TASK ITEM. Copy out the data exactly as it appears, without a single image.

SOURCE MATERIAL.
↓

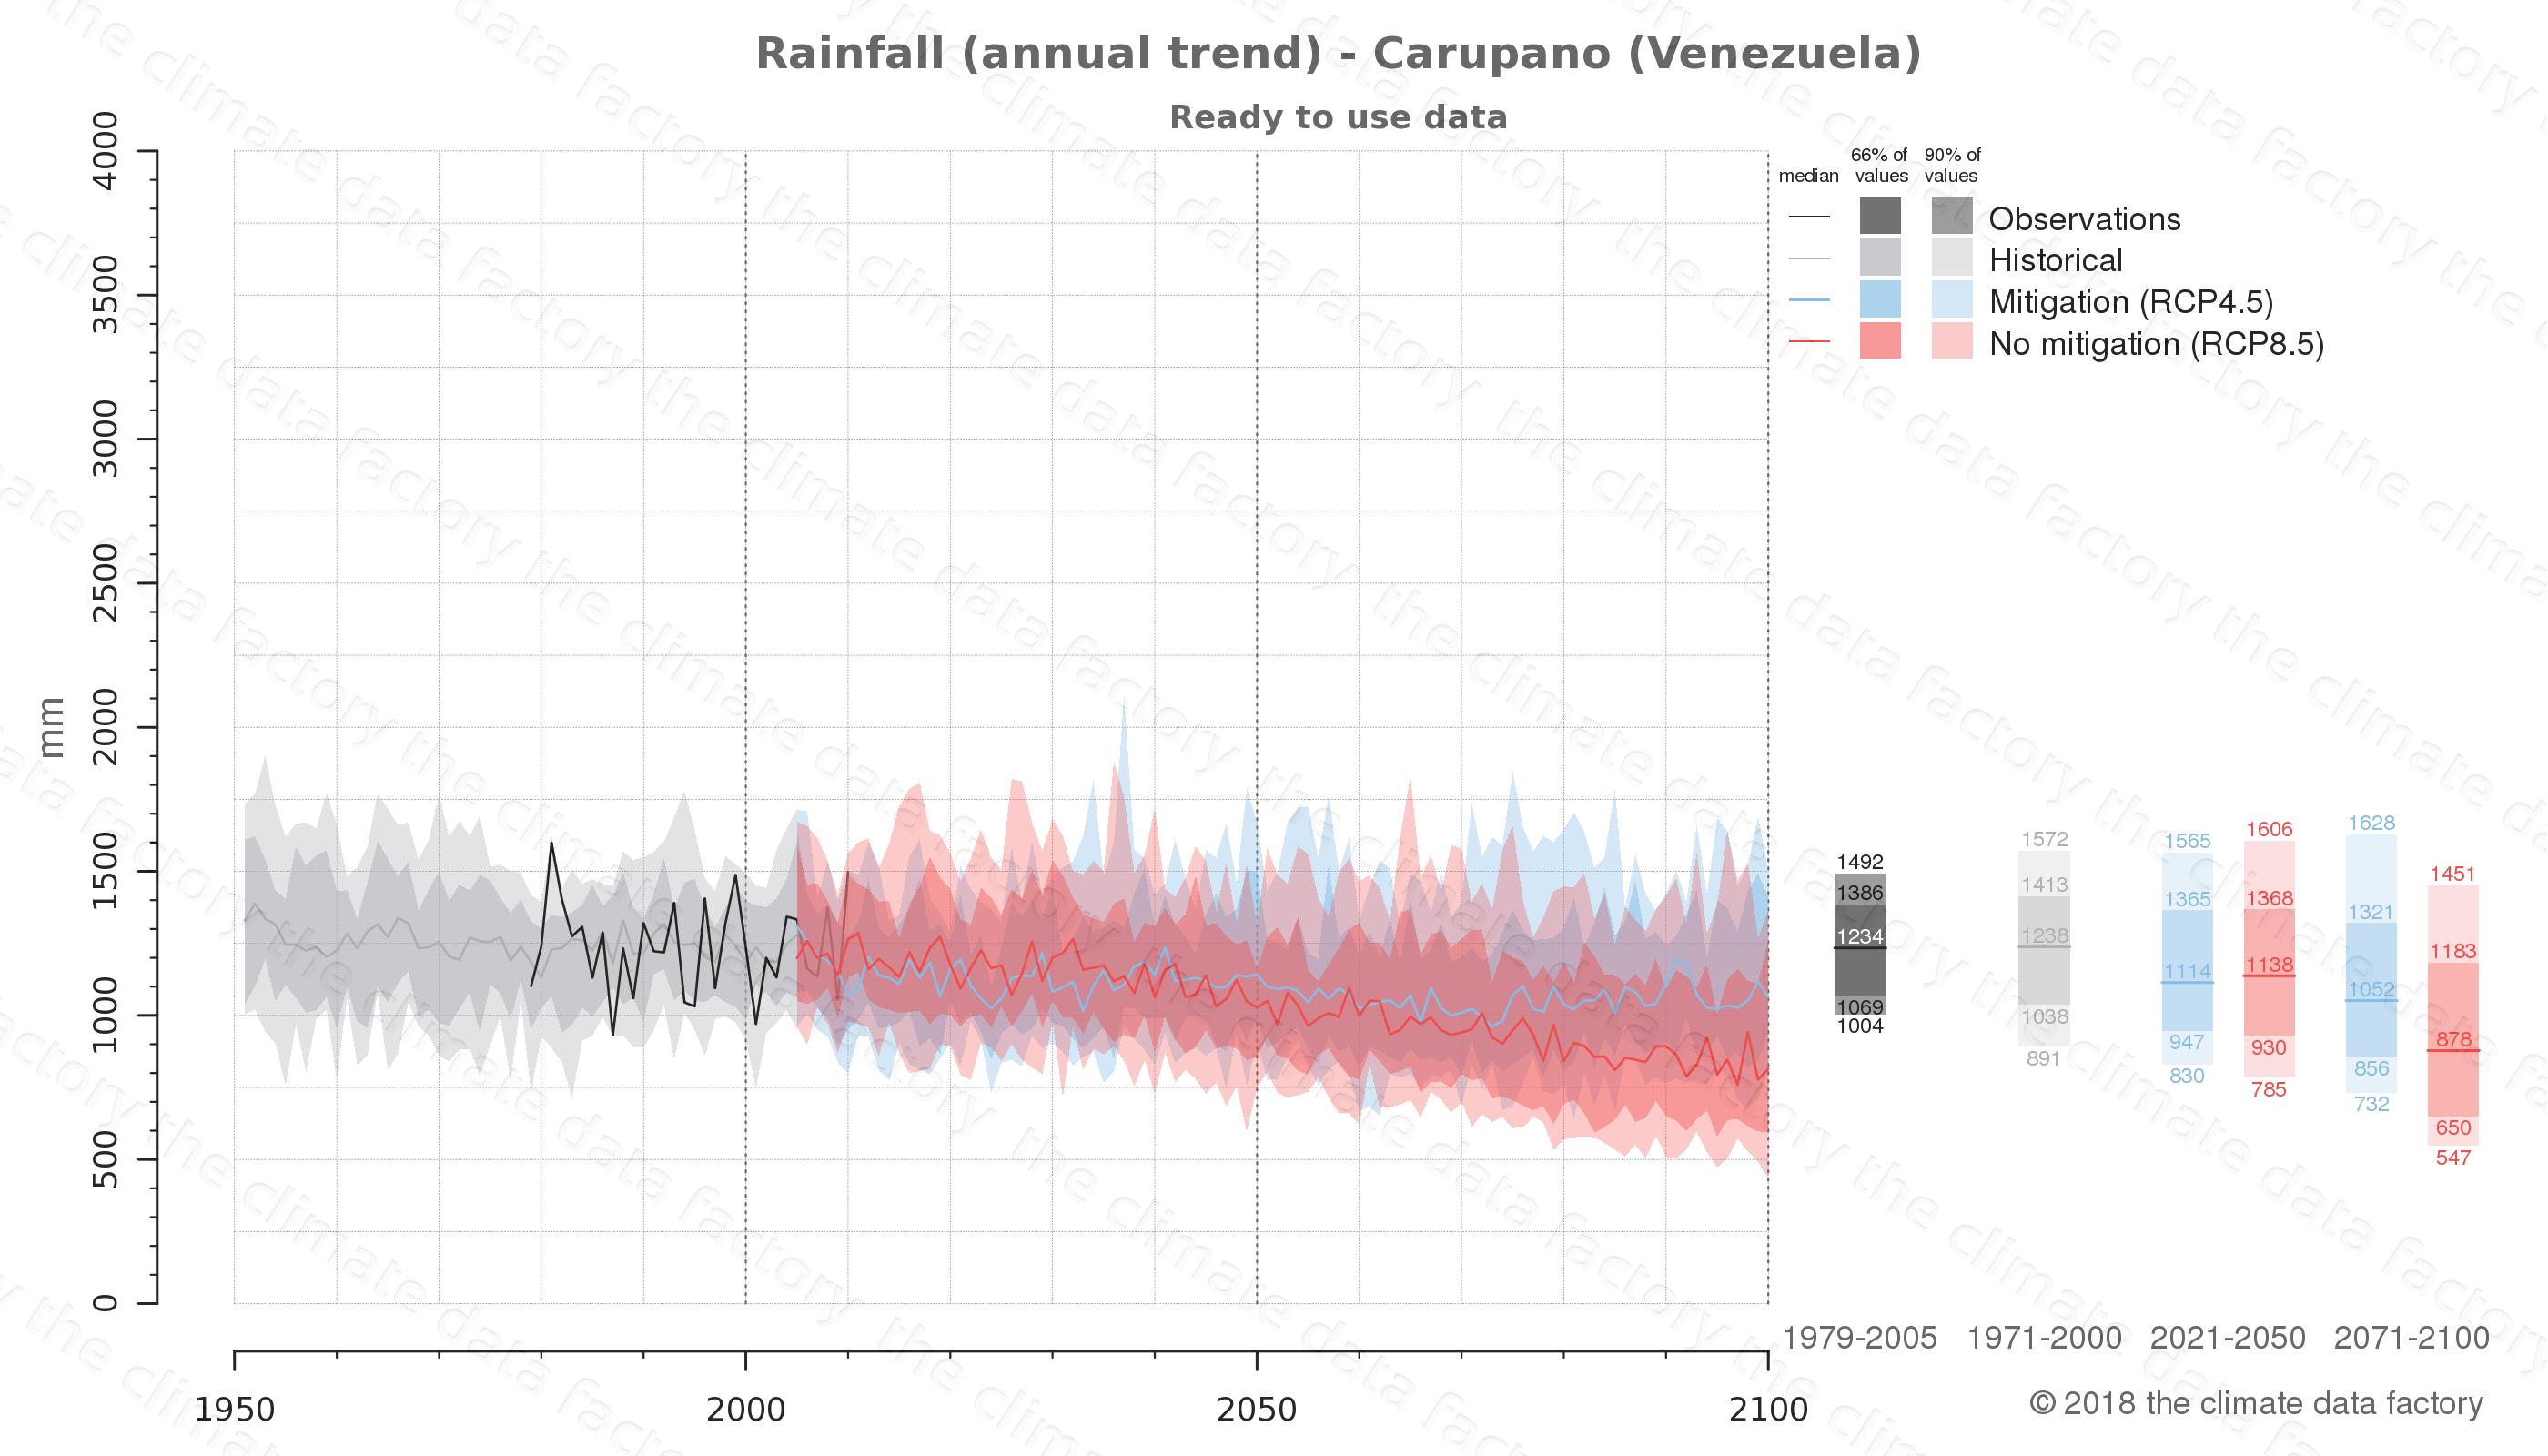 climate change data policy adaptation climate graph city data rainfall carupano venezuela
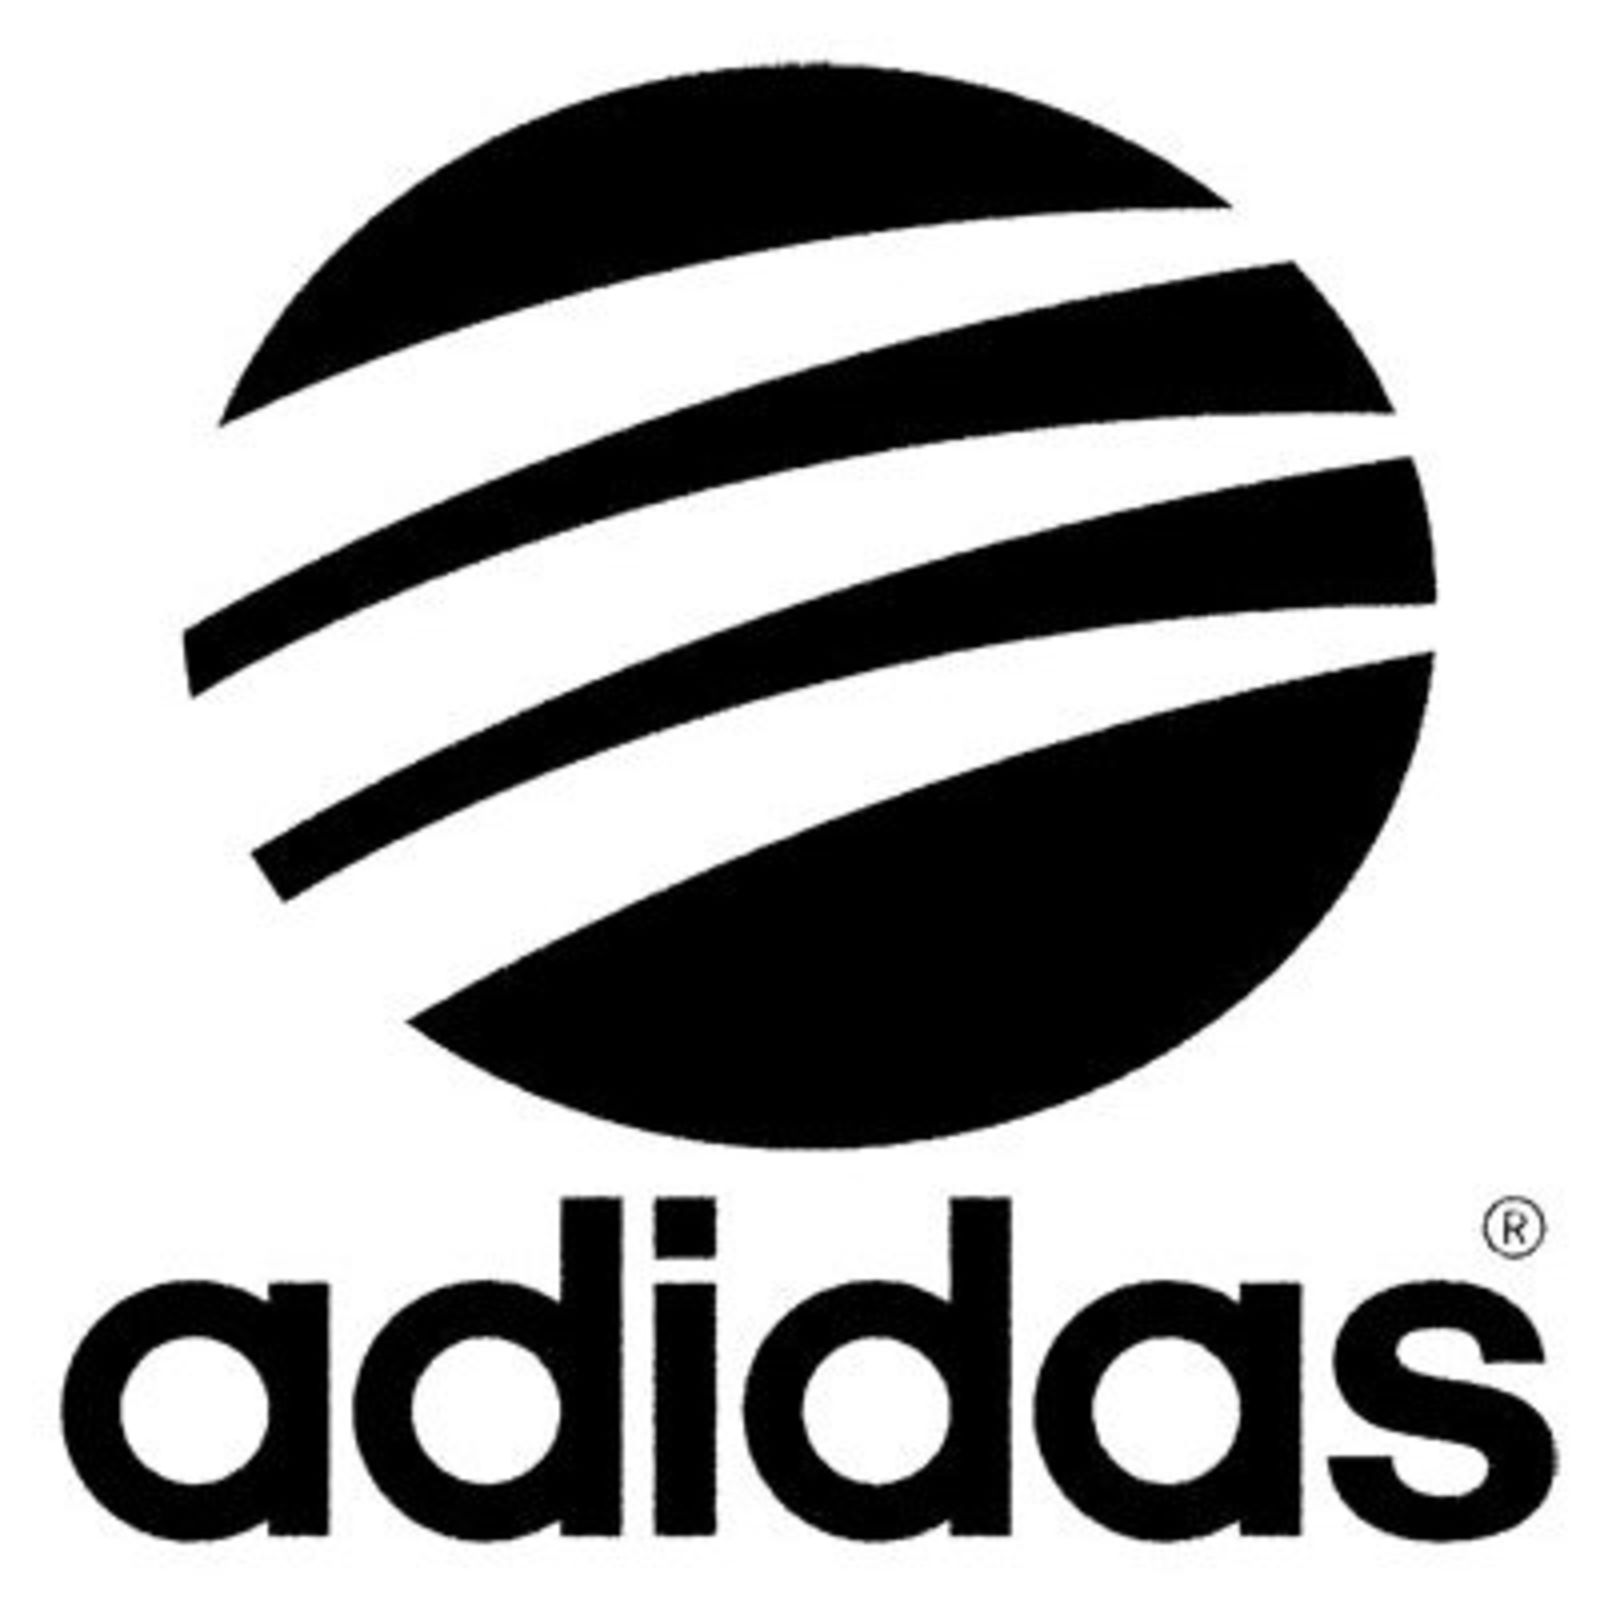 adidas NEO (Image 1)
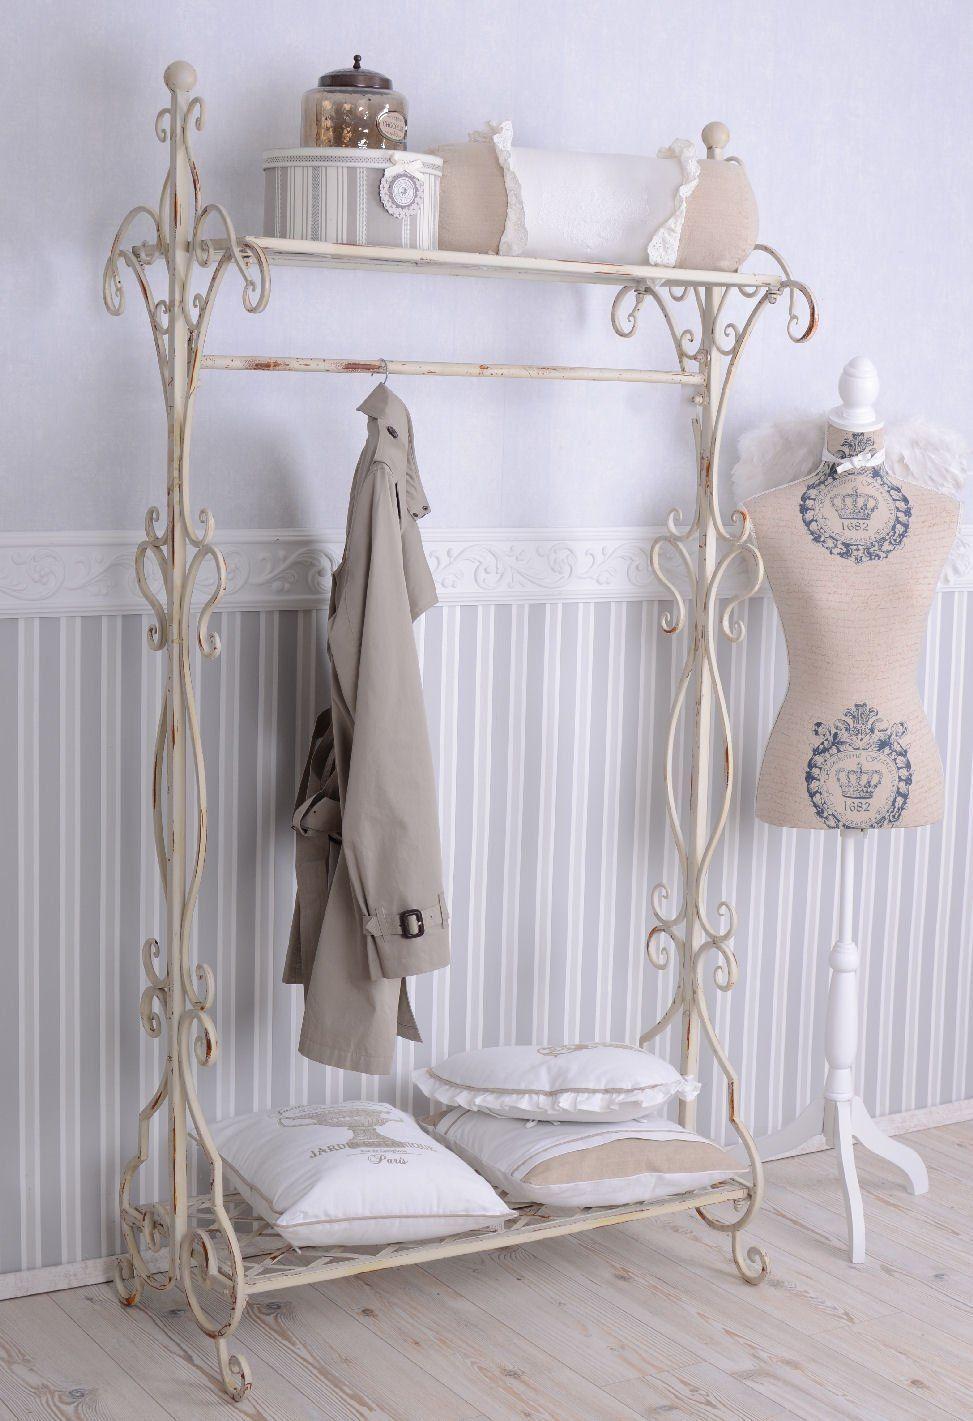 nostalgie garderobe shabby chic garderobenst nder weiss metallst nder k che. Black Bedroom Furniture Sets. Home Design Ideas

↑

OUTPUT OF THE TASK.
 climate change data policy adaptation climate graph city data rainfall carupano venezuela
 adidas NEO (Image 1)
 nostalgie garderobe shabby chic garderobenst nder weiss metallst nder k che. Black Bedroom Furniture Sets. Home Design Ideas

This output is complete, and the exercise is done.